1999 children's book by Julia Donaldson

The Gruffalo is a children's picture book by the English author Julia Donaldson, illustrated by Axel Scheffler. It tells the story of a mouse strolling in a wood and encountering a series of predators culminating in the fictional 'Gruffalo'. The Gruffalo was first published in 1999 in Britain by Macmillan Children's Books. It is about 700 words long and is written in rhyming couplets featuring repetitive verse. It is an example of a trickster story and was inspired by a Chinese folk tale called "The Fox that Borrows the Terror of a Tiger". The book has sold over 13.5 million copies and has won several prizes for children's literature, including the Nestlé Smarties Book Prize.

It has been adapted into plays and an Academy Award-nominated animated film. The book has inspired a range of merchandise, a commemorative coin, a theme park ride in Chessington World of Adventures in England, and a series of woodland trails. In 2004 & 2026, The Gruffalo was followed by two sequels, The Gruffalo's Child and Gruffalo Granny, also written by Donaldson and illustrated by Scheffler.

== Context ==

=== Author and illustrator ===
Julia Donaldson is an author of children's books, the most famous of which being The Gruffalo. Before writing The Gruffalo, Donaldson had a background in drama and performance. She studied drama at the University of Bristol and then busked in Europe and the United States. She began her career as a writer by writing children's songs for television programmes. In 1993, one of her songs that she sang and performed with her husband—"A Squash and Squeeze", about an elderly lady with a small house—was turned into a book, published by Methuen and illustrated by Axel Scheffler. Scheffler was born and grew up in Germany before moving to Britain to study art. He first worked with Donaldson on A Squash and Squeeze, published in 1993.

=== Creating the book ===
In an interview in the book The Way We Write (2006), Donaldson writes that although "It can take months or years for the germination of a book ... writing The Gruffalo probably took two weeks, with all the rewriting". She said that writing the second half of the book was difficult and almost forced her to stop altogether. Donaldson said that she had admired Scheffler's illustrations for A Squash and Squeeze, and when her publisher did not suggest he would also be illustrating The Gruffalo, she sent him the text of the book herself. Scheffler showed the text to Macmillan, who were his publisher at the time and subsequently published the book.

== Plot ==
A small, clever mouse takes a walk through a deep, dark wood in search of food. Along the way, he encounters three hungry animals—a fox, an owl, and finally a snake—each of whom invites him to their home for a meal. However, the mouse realizes that each invitation is a trick to eat him. To outsmart them, he invents a mysterious creature called a Gruffalo, describing his sharp teeth, claws, and other fearsome features. He tells each predator that he is on his way to meet the dangerous beast, scaring them into letting him go.

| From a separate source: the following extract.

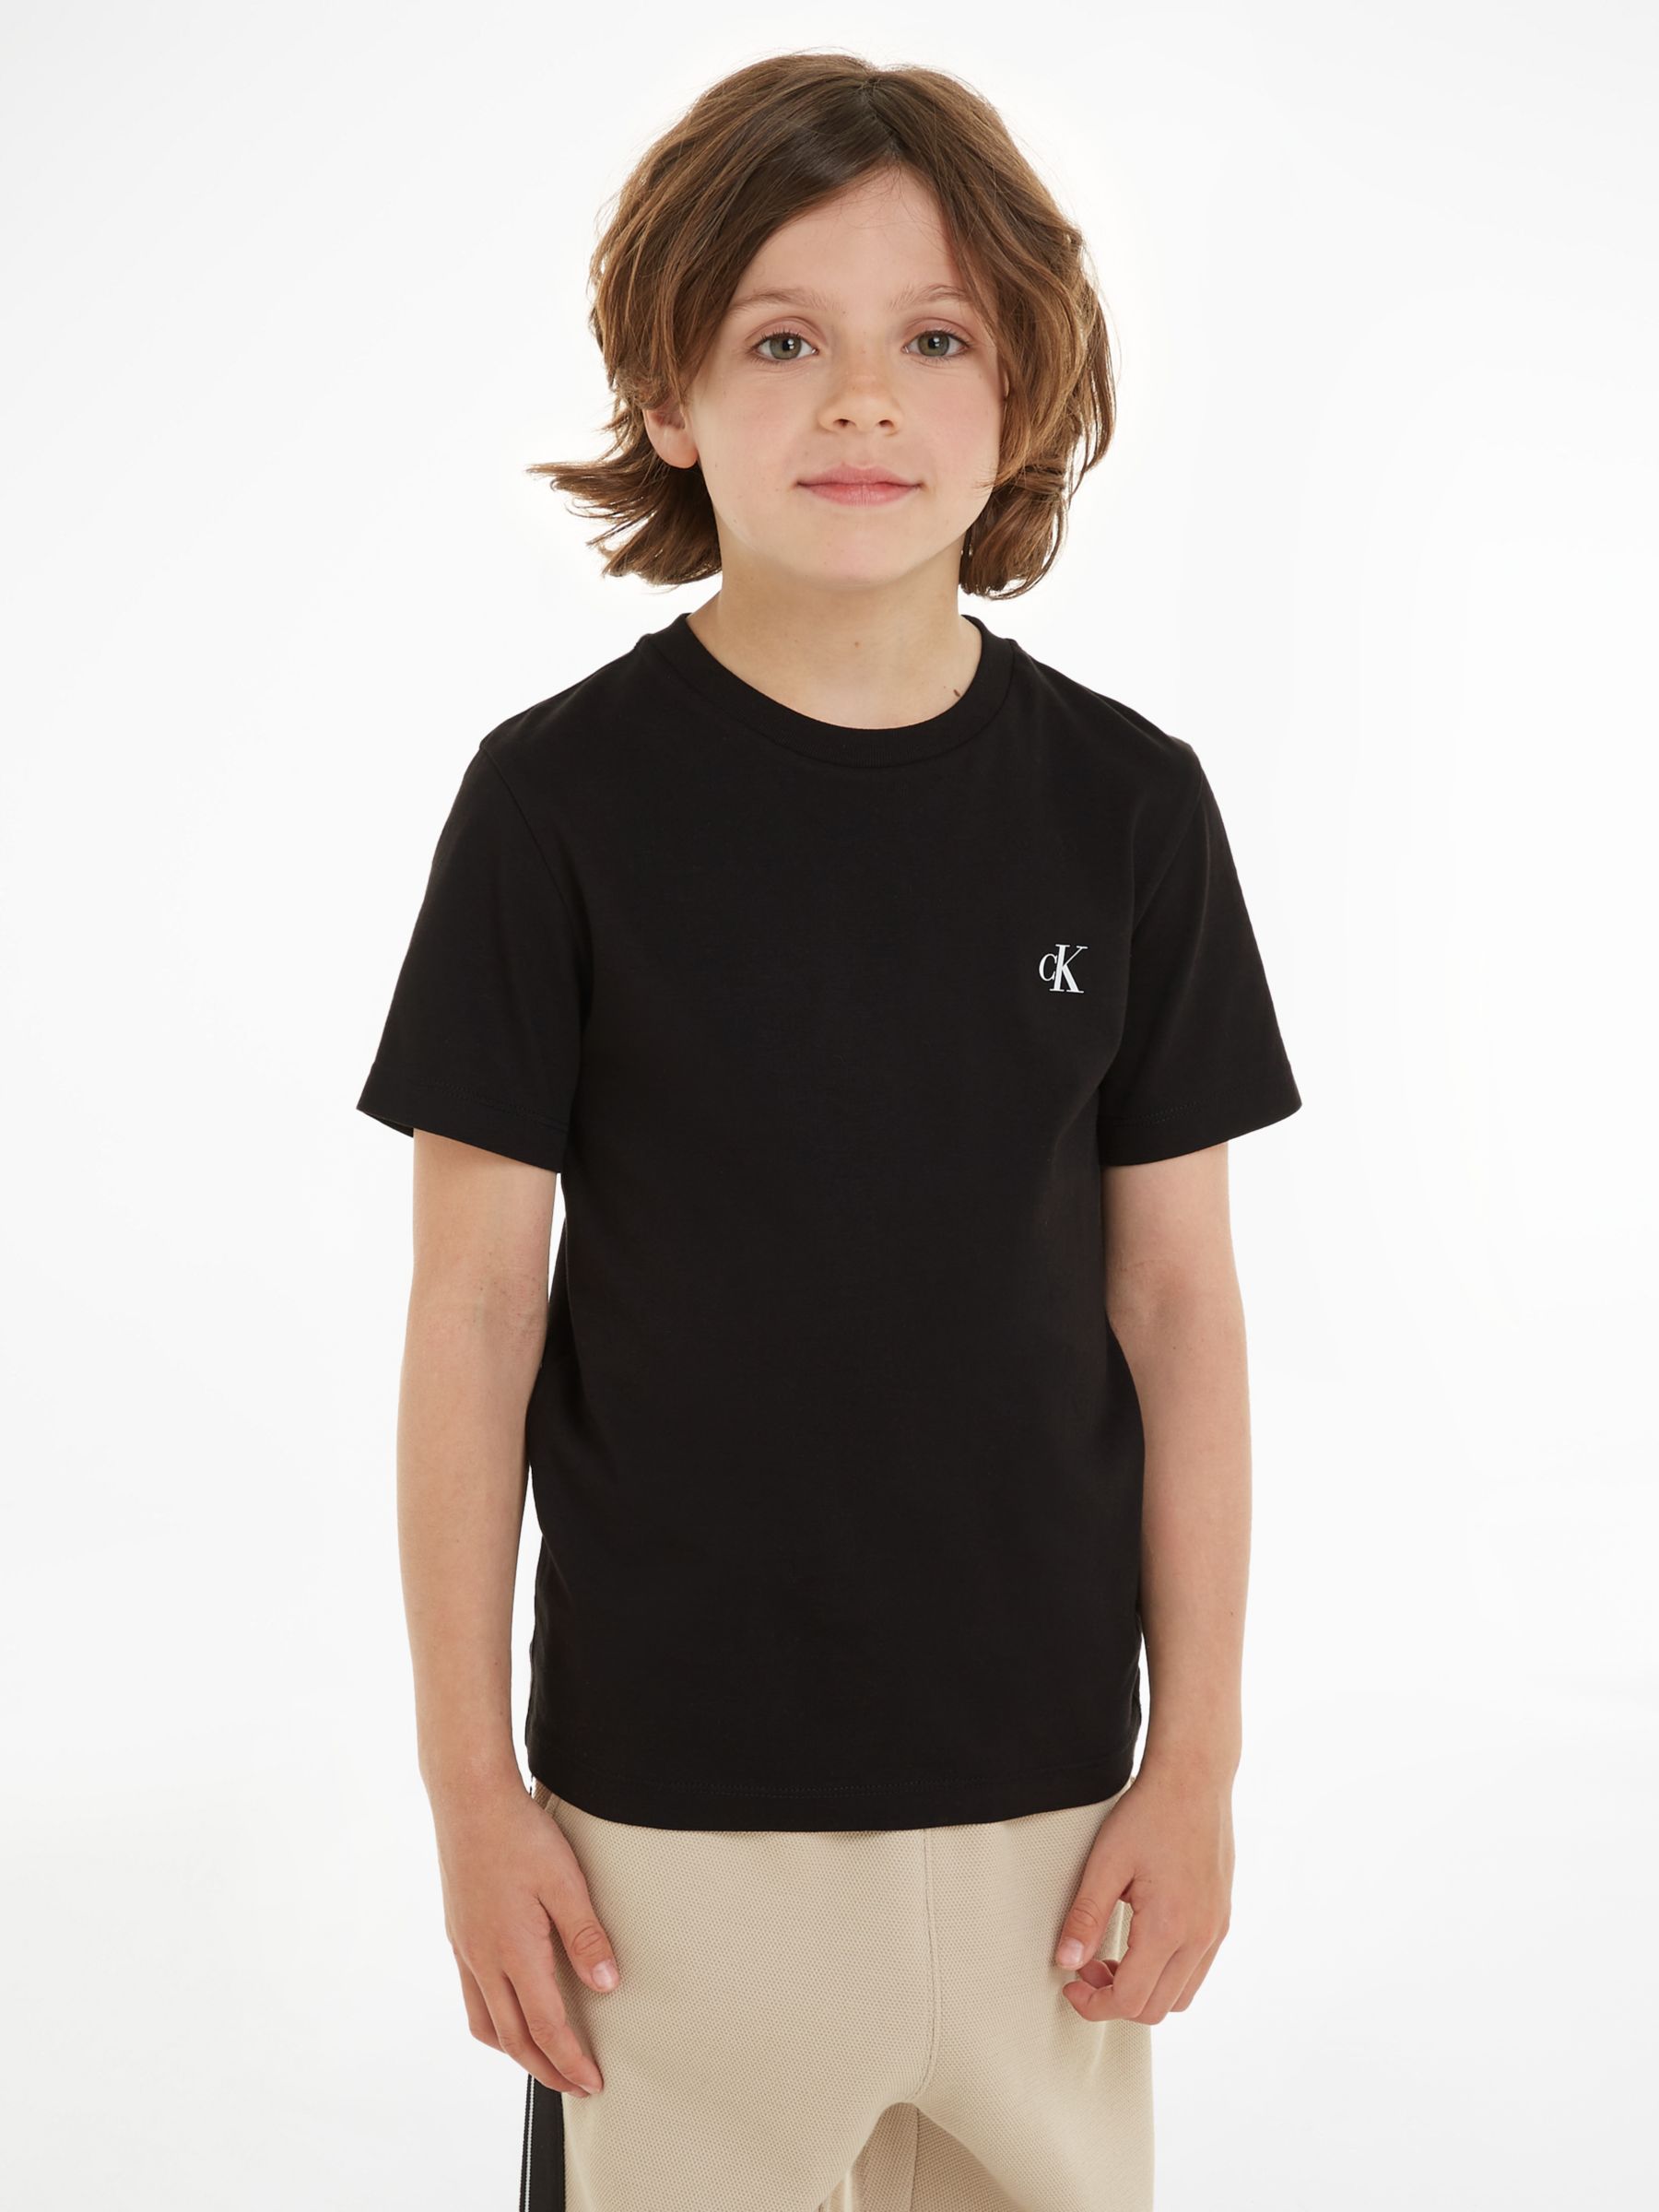 Calvin Klein Kids\' Cotton Monogram Short Sleeve T-Shirts, Pack of 2, Keepsake  Blue/Ck Black at John Lewis & Partners

However, after getting rid of the snake, the mouse suddenly comes face-to-face with the real Gruffalo, a beast who looks exactly as what the mouse had described. The Gruffalo, much to the mouse’s horror, declares that a small mouse like him would make a tasty meal. Coming up with another clever trick, the mouse confidently tells the Gruffalo that he is actually the scariest creature in the entire forest. To prove it, he suggests that they take a walk together. As they stroll through the woods, they pass the fox, the owl, and the snake, who all see the Gruffalo and flee in terror. The Gruffalo, now convinced that the mouse must be truly fearsome, becomes frightened himself. When the mouse boldly declares that his favorite food is "Gruffalo crumble", the terrified monster runs away, leaving the mouse victorious. Alone once more, the mouse finally sits down to enjoy his well-earned snack—a nut—and smiles to himself, knowing that he has outwitted everyone in the forest.

== Themes ==

=== Humour ===
In an article titled "Humour and the locus of control in 'The Gruffalo'", Betsie van der Westhuizen identifies the following types of humour used in The Gruffalo: "humour with regard to the narrative aspects, humour with regard to the poetic aspects, visual humour and humour and the performing arts". She writes that the most common use of humour in the story is incongruity, arising from the sense that "everything is not as it should be". Some examples include the mouse averting the predators and the unusual descriptions of food, such as "owl ice cream" and "scrambled snake". She writes that there are different experiences of humour among different ages of children who read The Gruffalo: three to five year olds will appreciate the elements of surprise and repetition in the story; six to eight year olds will enjoy the rhyme and rhythm of the text and the story's hyperbole. As for visual representations of humour, van der Westhuizen writes that an example occurs when the mouse scares away the snake, accompanied by fragmented images of the imaginary gruffalo's features, then immediately afterwards comes across the real Gruffalo.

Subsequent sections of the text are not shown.